- [INPUT DATA]:
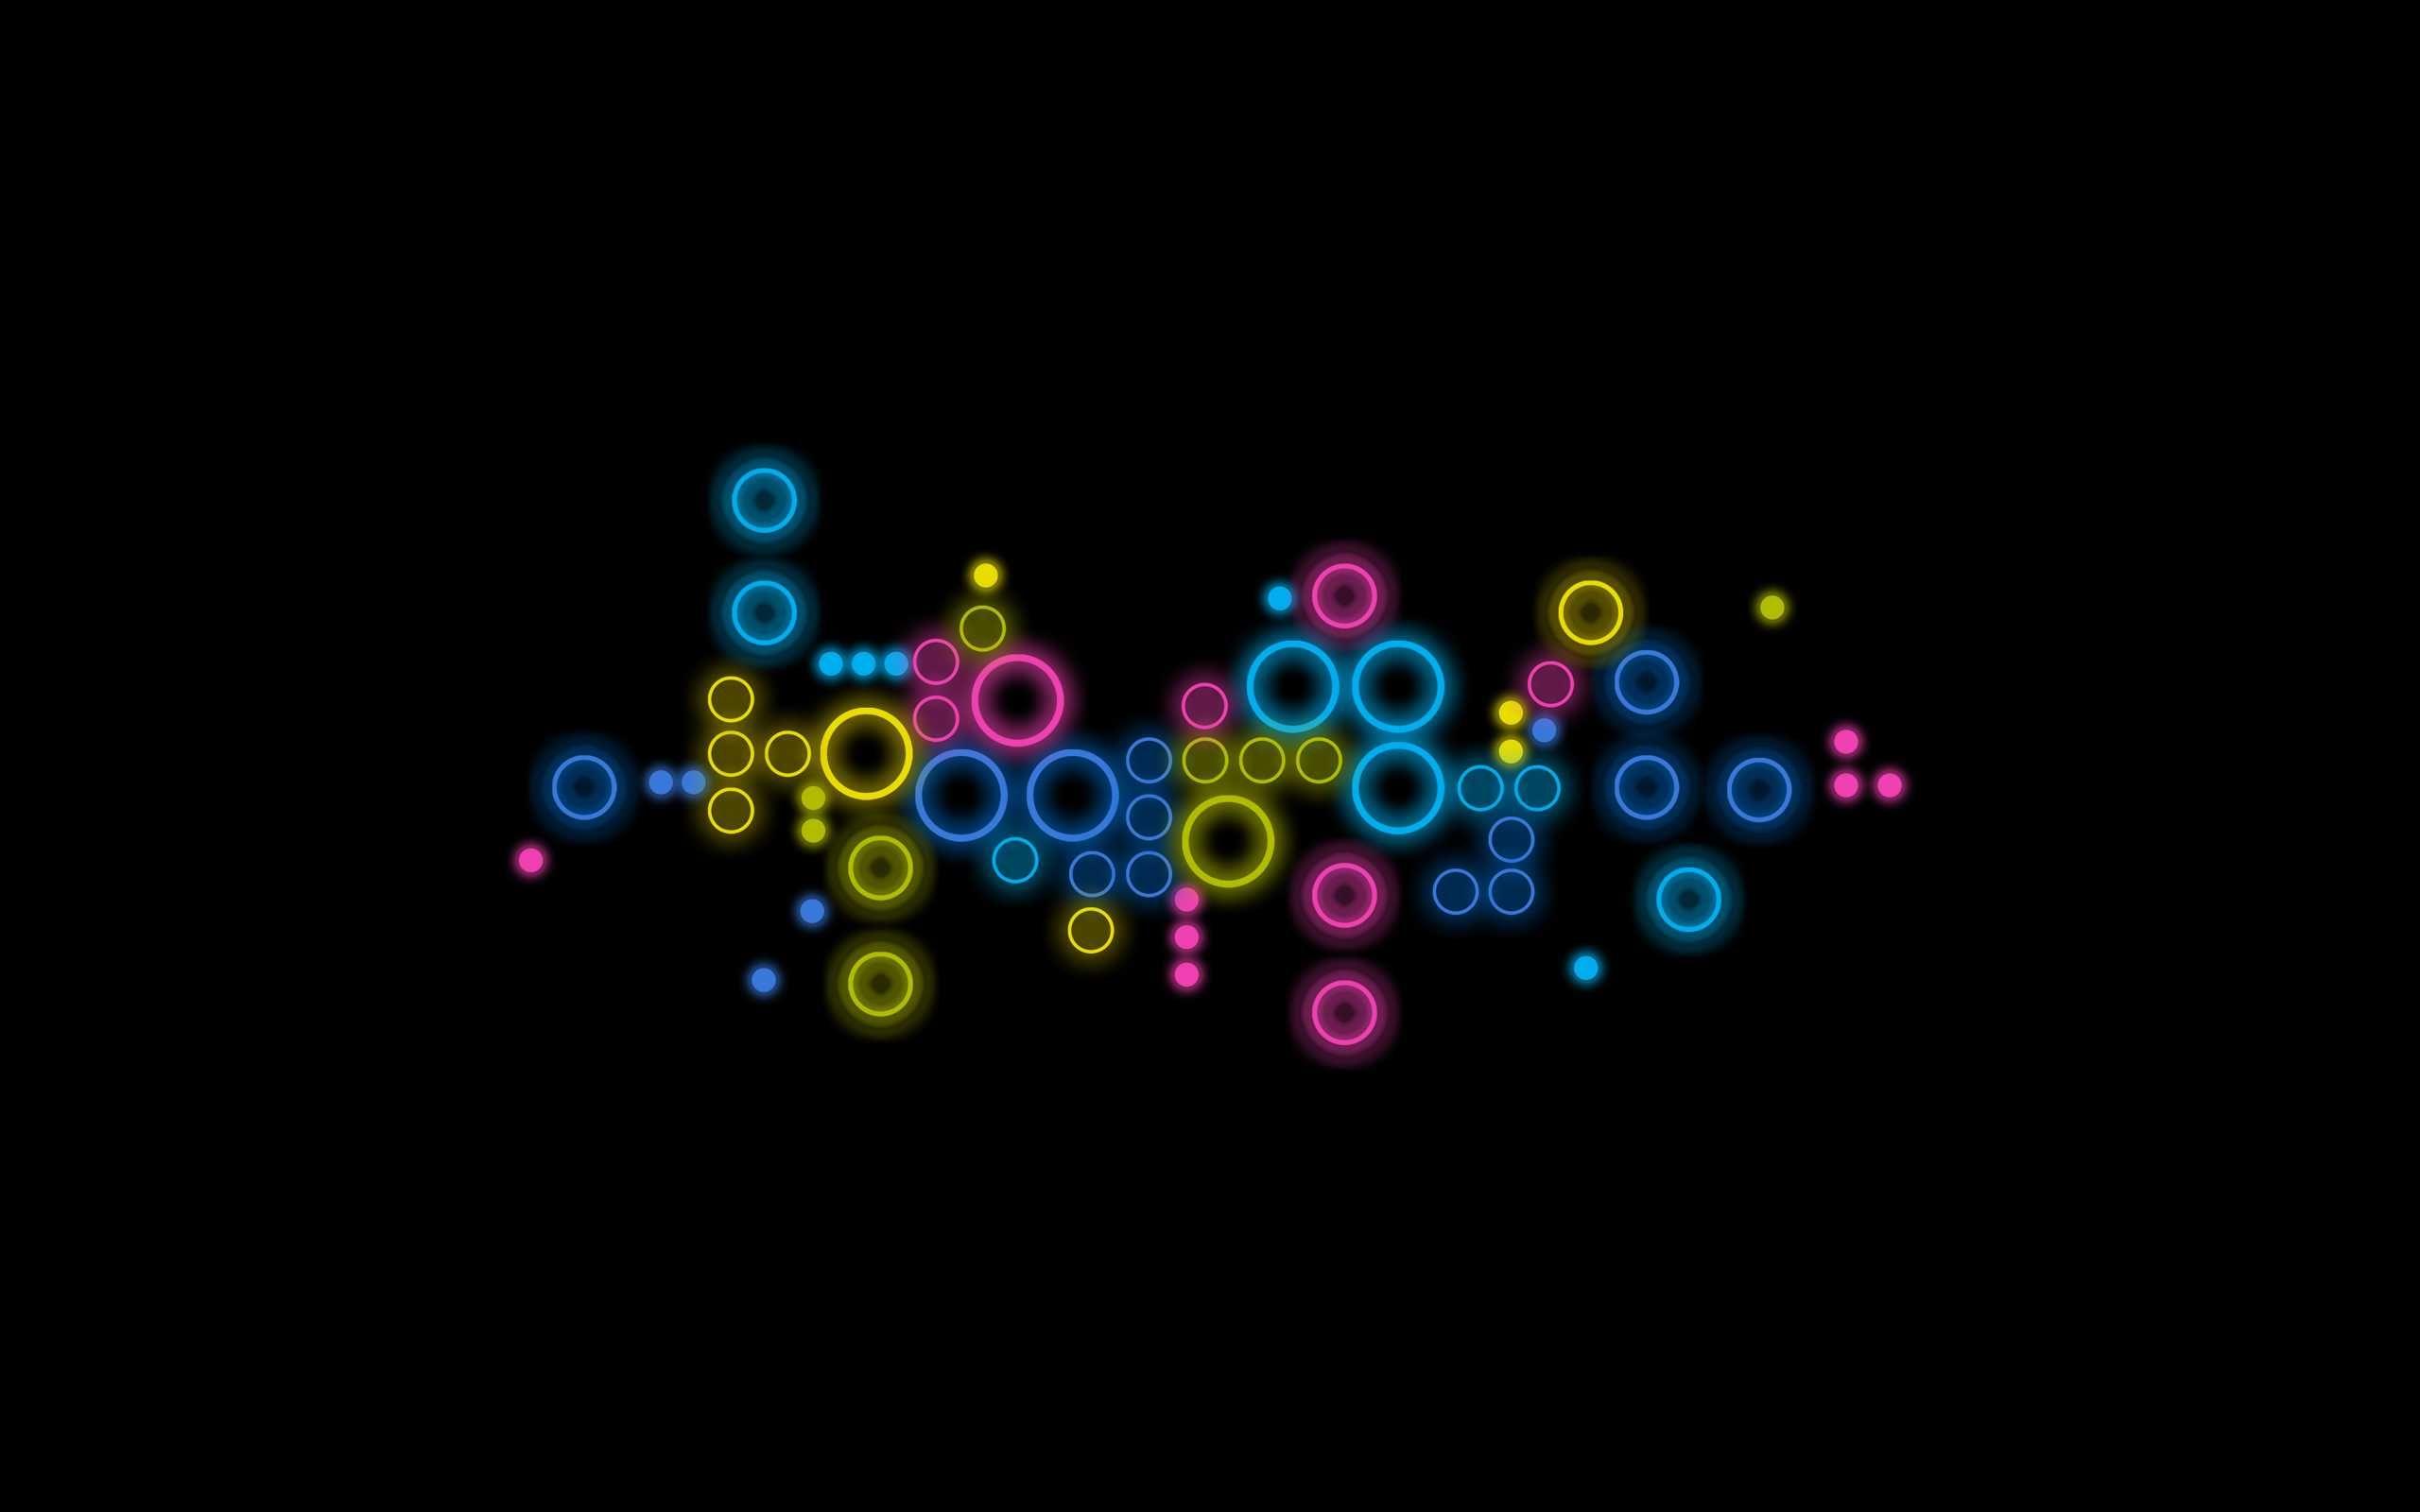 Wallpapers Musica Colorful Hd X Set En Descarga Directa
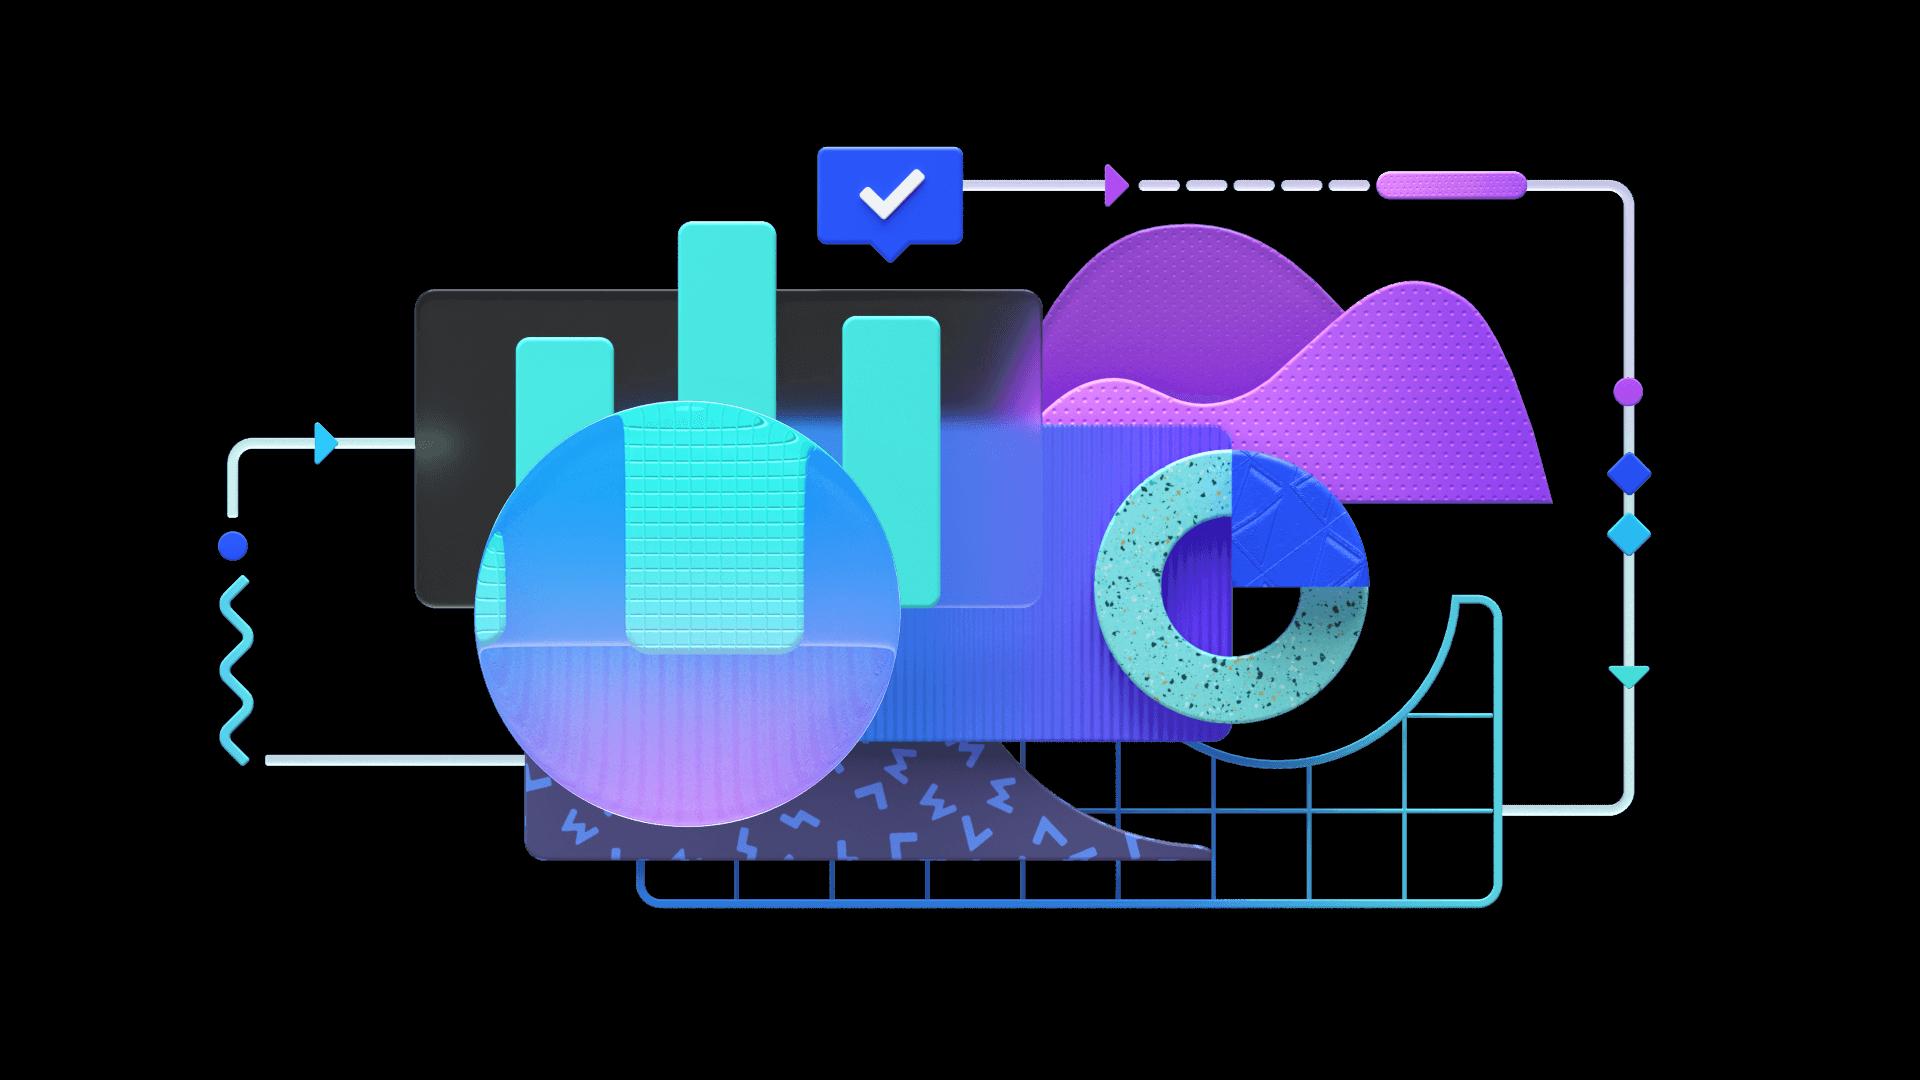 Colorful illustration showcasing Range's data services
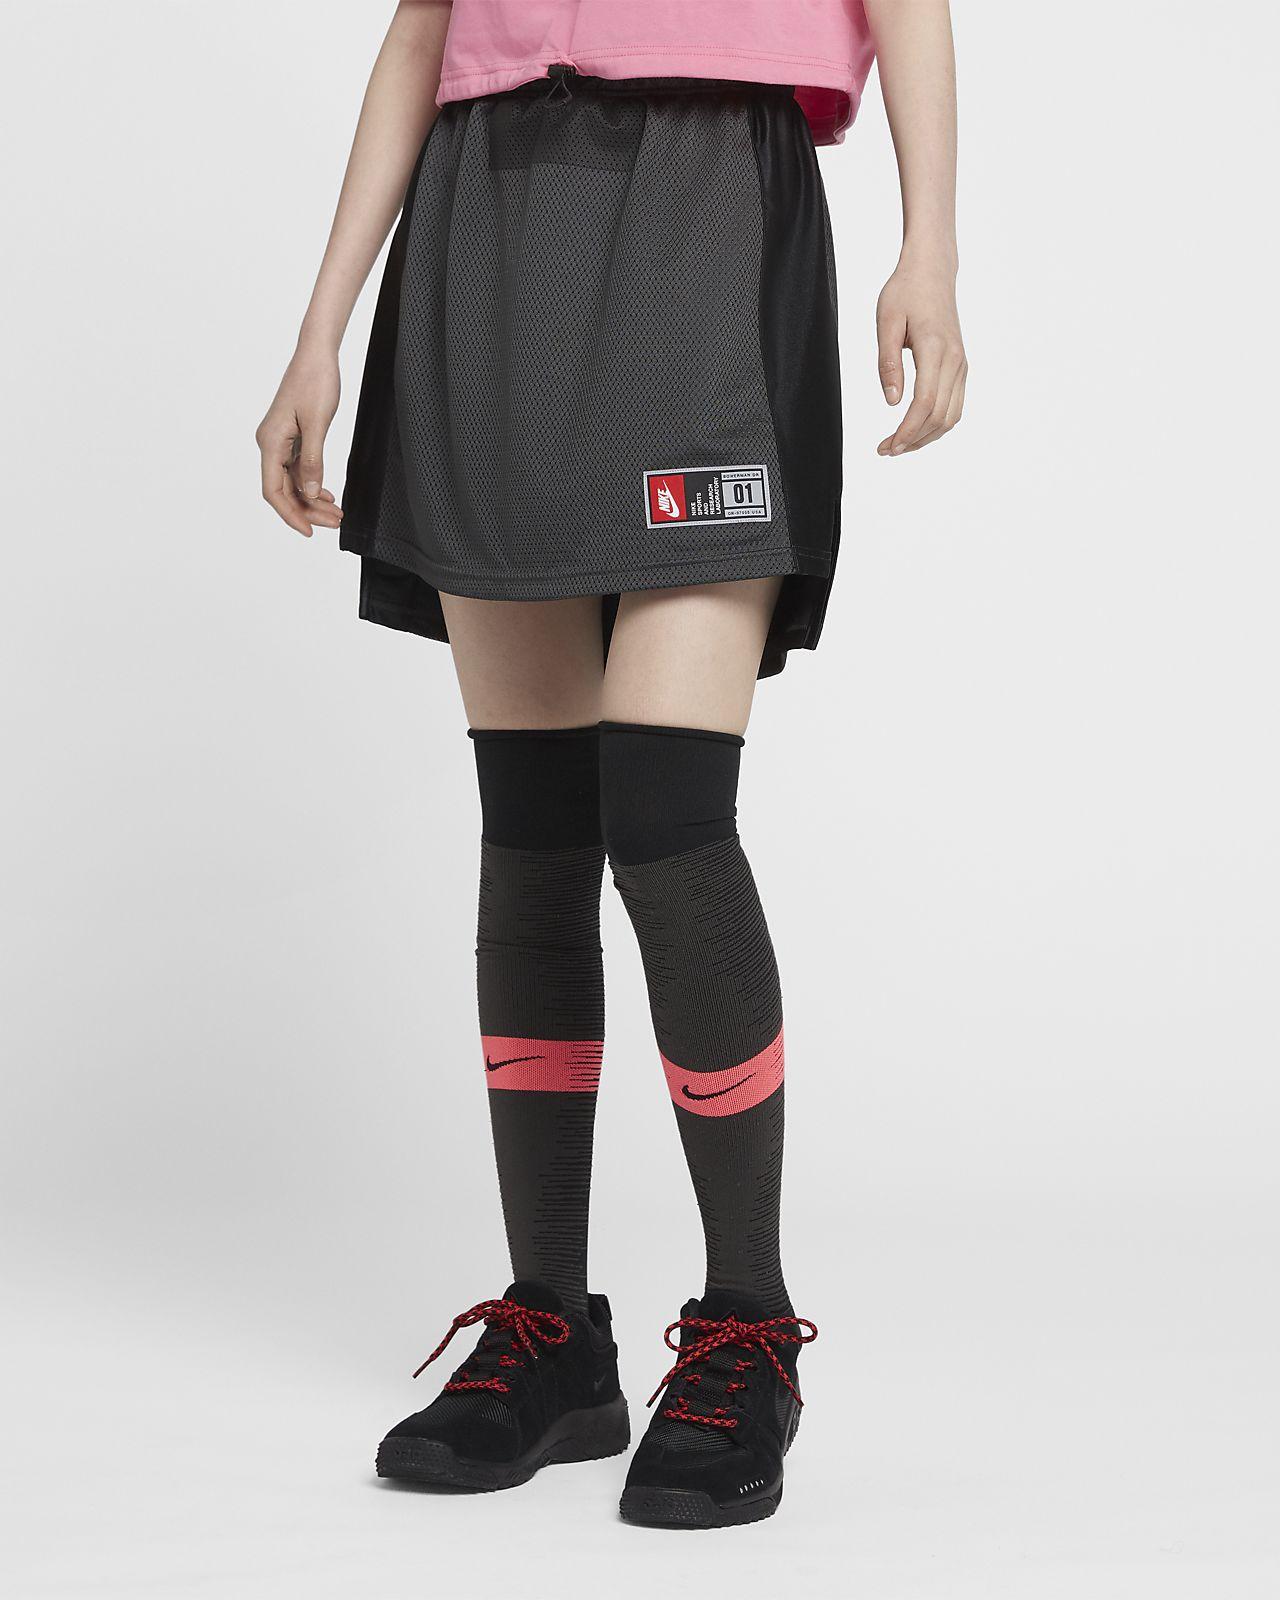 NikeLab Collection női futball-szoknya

- [EXERCISE BRIEF]:
Reproduce every line above exactly, pictures excluded.

- [ANSWER TO THIS EXERCISE]:
 Wallpapers Musica Colorful Hd X Set En Descarga Directa
 Colorful illustration showcasing Range's data services
 NikeLab Collection női futball-szoknya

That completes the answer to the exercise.